Dataset content:
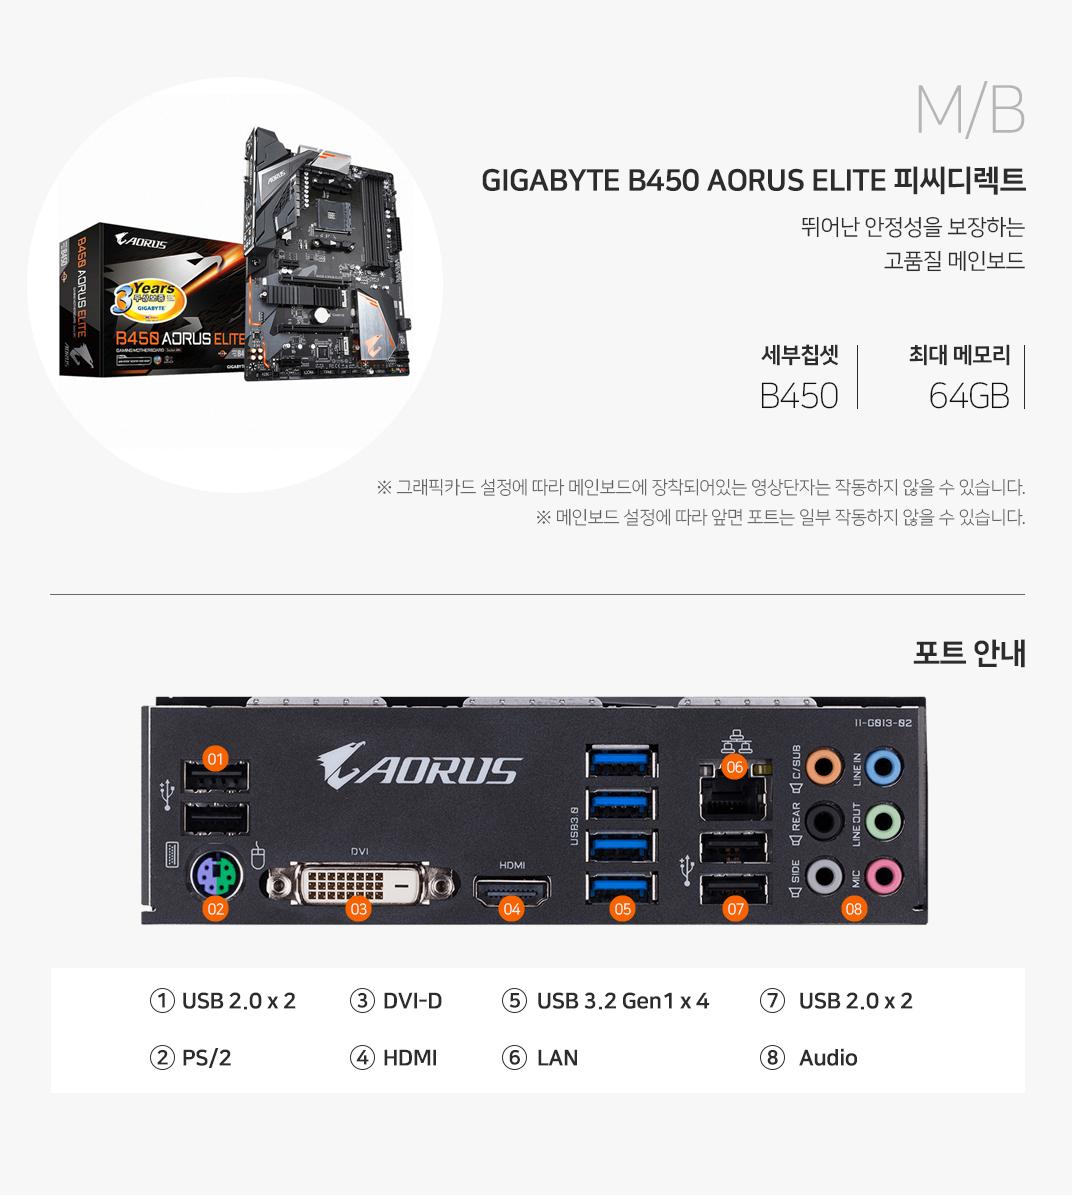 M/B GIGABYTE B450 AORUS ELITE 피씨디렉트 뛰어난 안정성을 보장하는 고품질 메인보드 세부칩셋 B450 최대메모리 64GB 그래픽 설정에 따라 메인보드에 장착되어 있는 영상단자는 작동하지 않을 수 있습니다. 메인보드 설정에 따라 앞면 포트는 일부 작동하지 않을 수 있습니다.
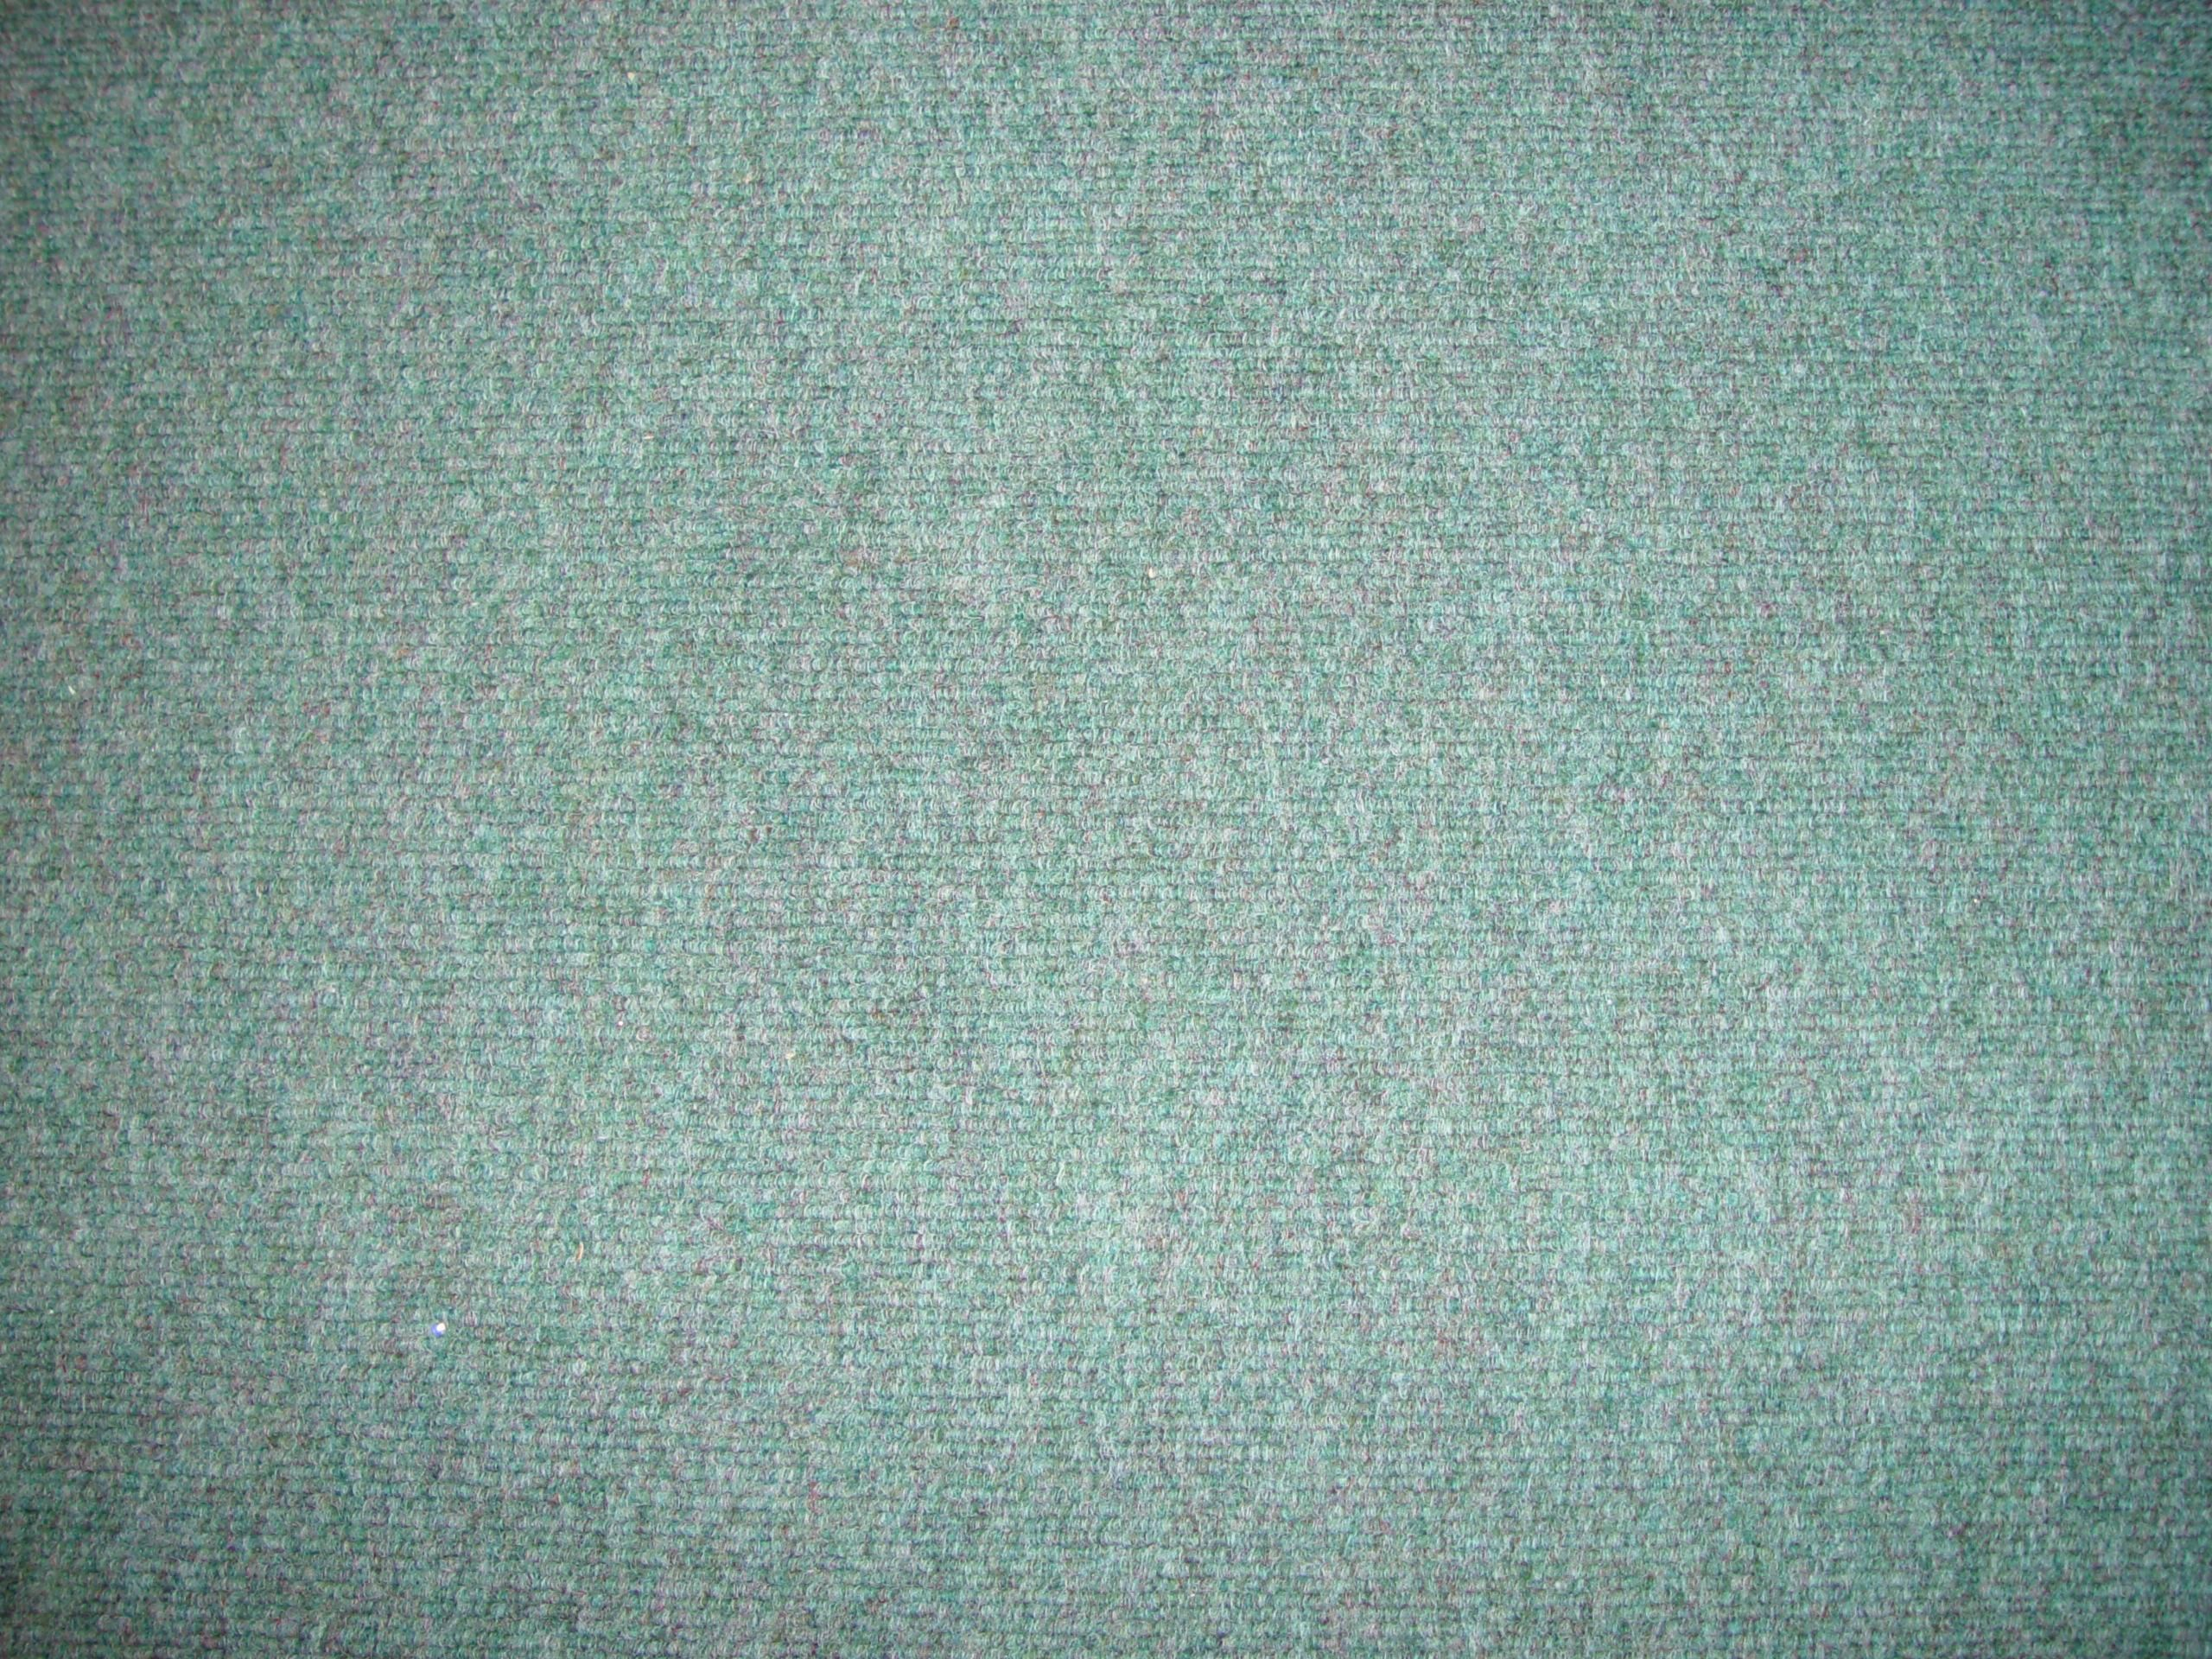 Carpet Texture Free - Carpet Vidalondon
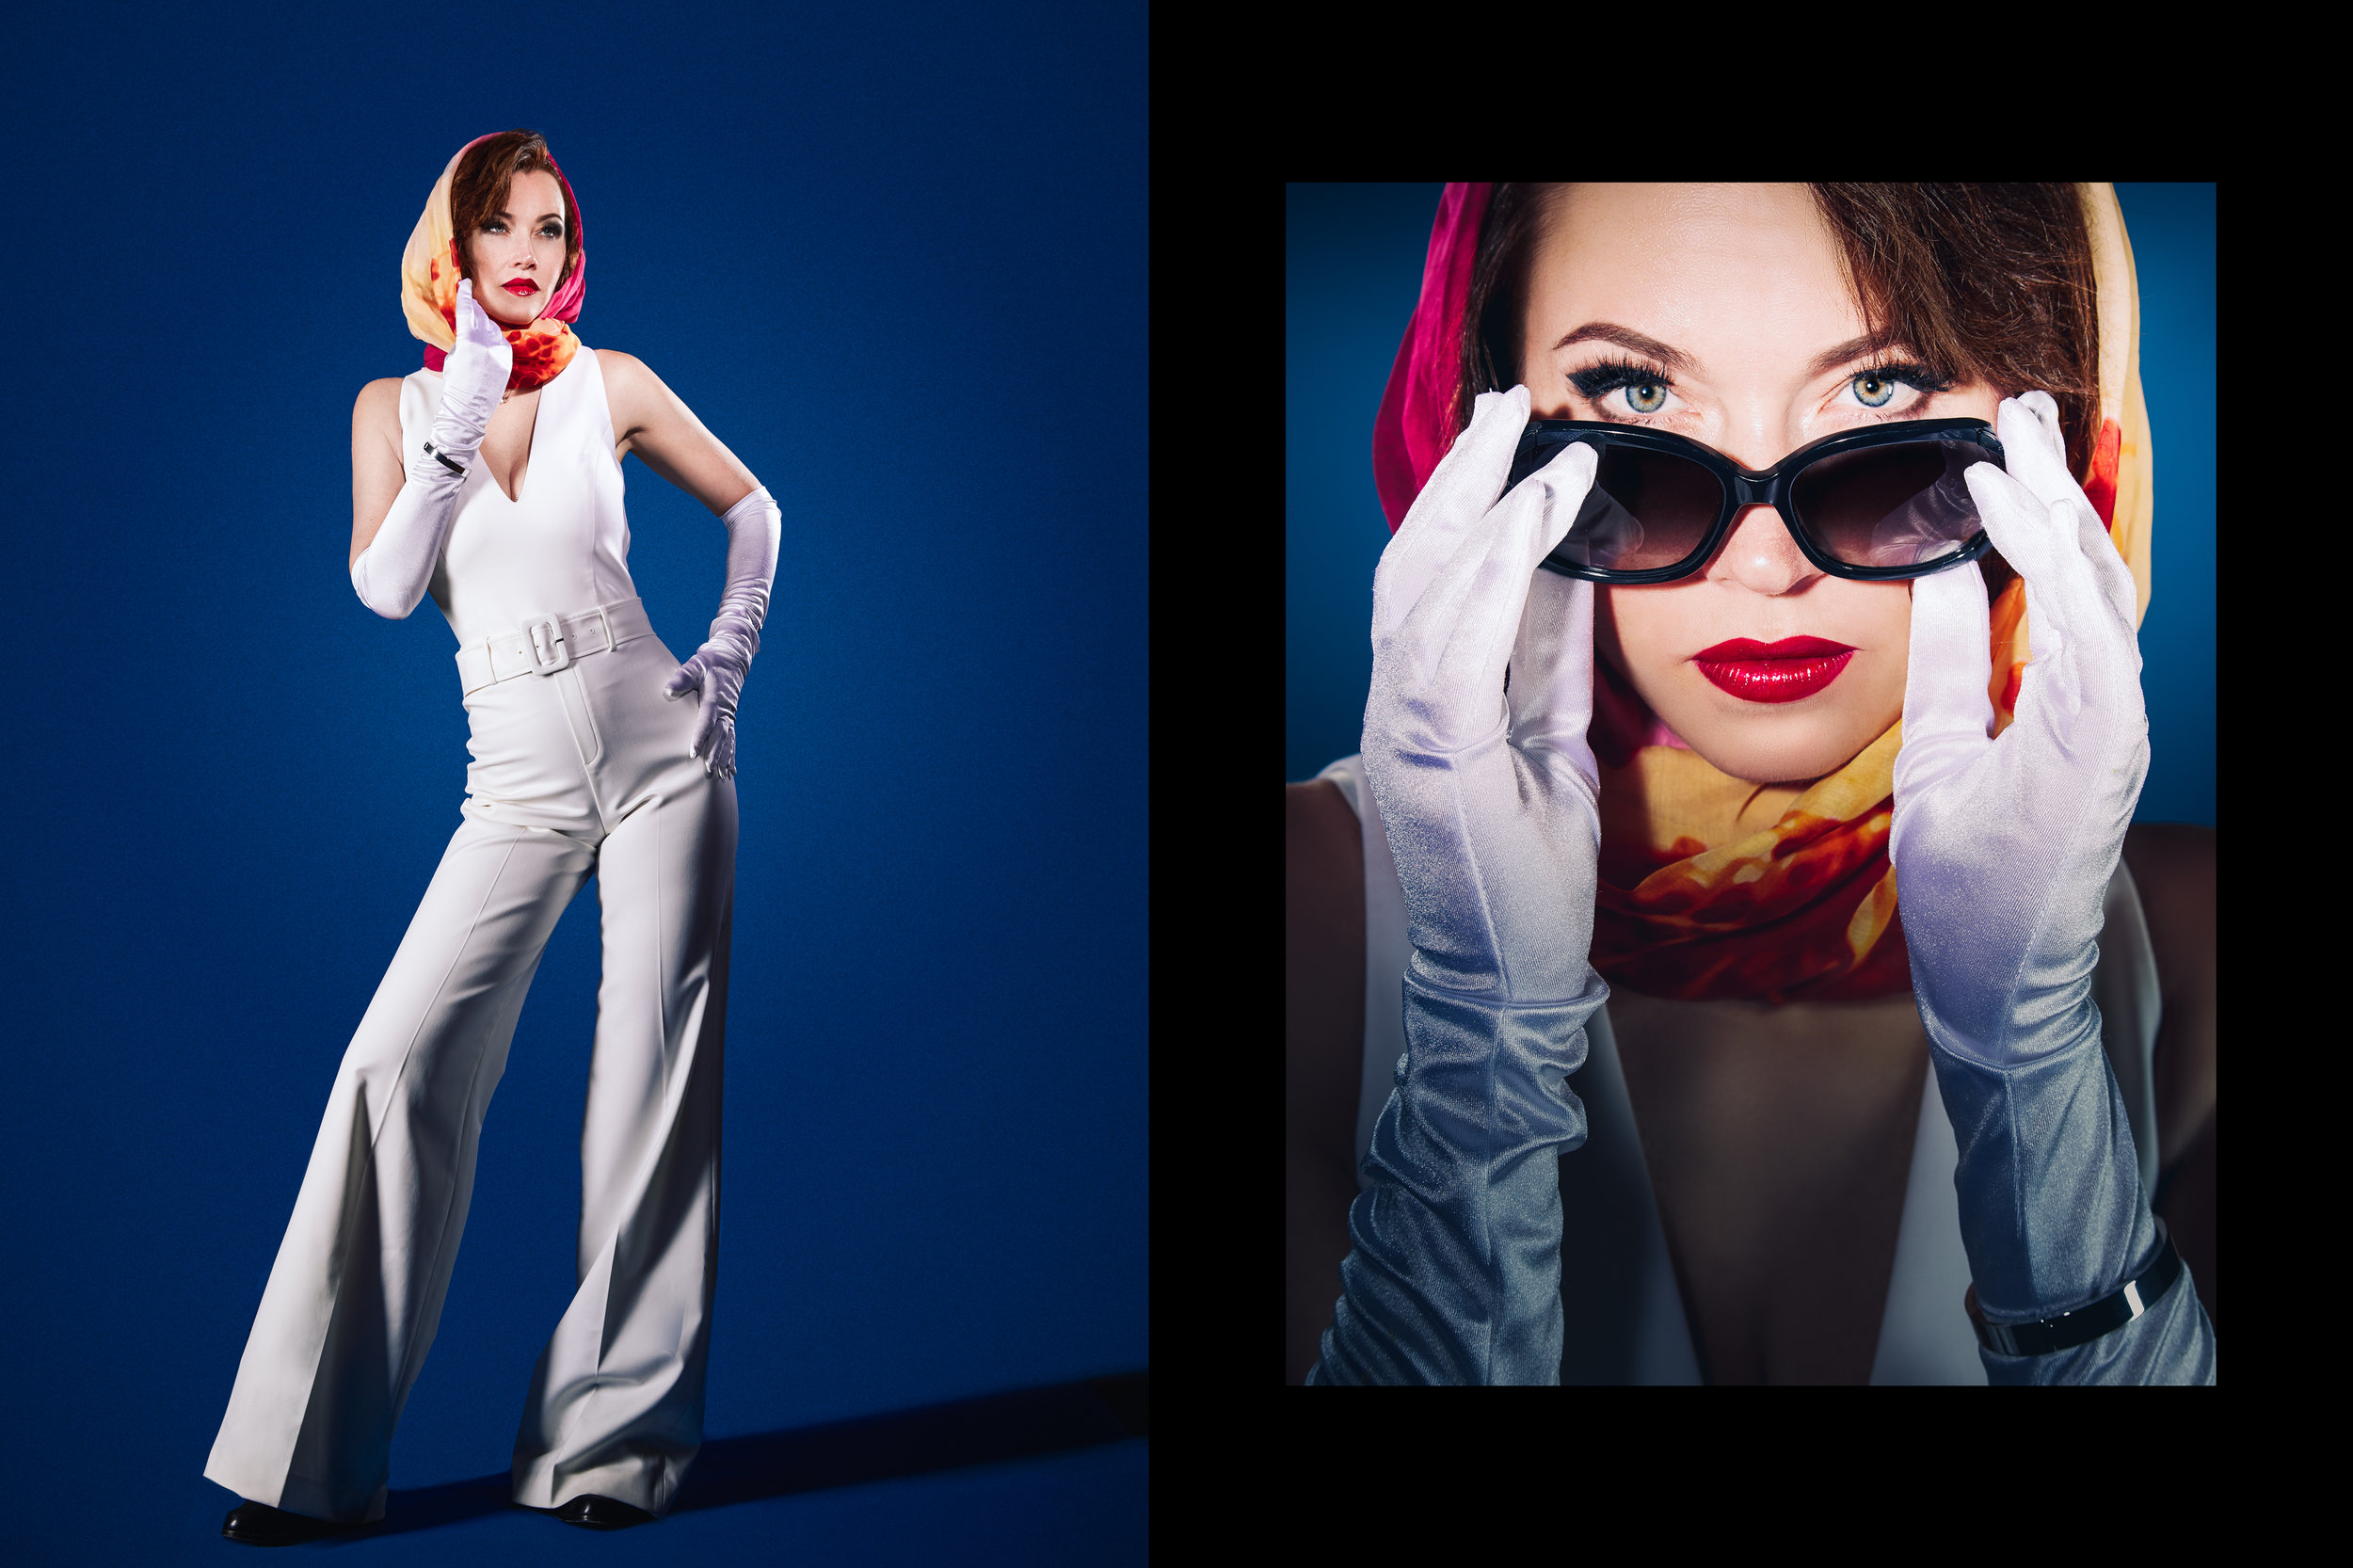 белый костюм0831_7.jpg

Task objective:
Every line of the listing must be reproduced exactly, though the pictures are to be left out.

Exercise result:
 M/B GIGABYTE B450 AORUS ELITE 피씨디렉트 뛰어난 안정성을 보장하는 고품질 메인보드 세부칩셋 B450 최대메모리 64GB 그래픽 설정에 따라 메인보드에 장착되어 있는 영상단자는 작동하지 않을 수 있습니다. 메인보드 설정에 따라 앞면 포트는 일부 작동하지 않을 수 있습니다.
 Carpet Texture Free - Carpet Vidalondon
 белый костюм0831_7.jpg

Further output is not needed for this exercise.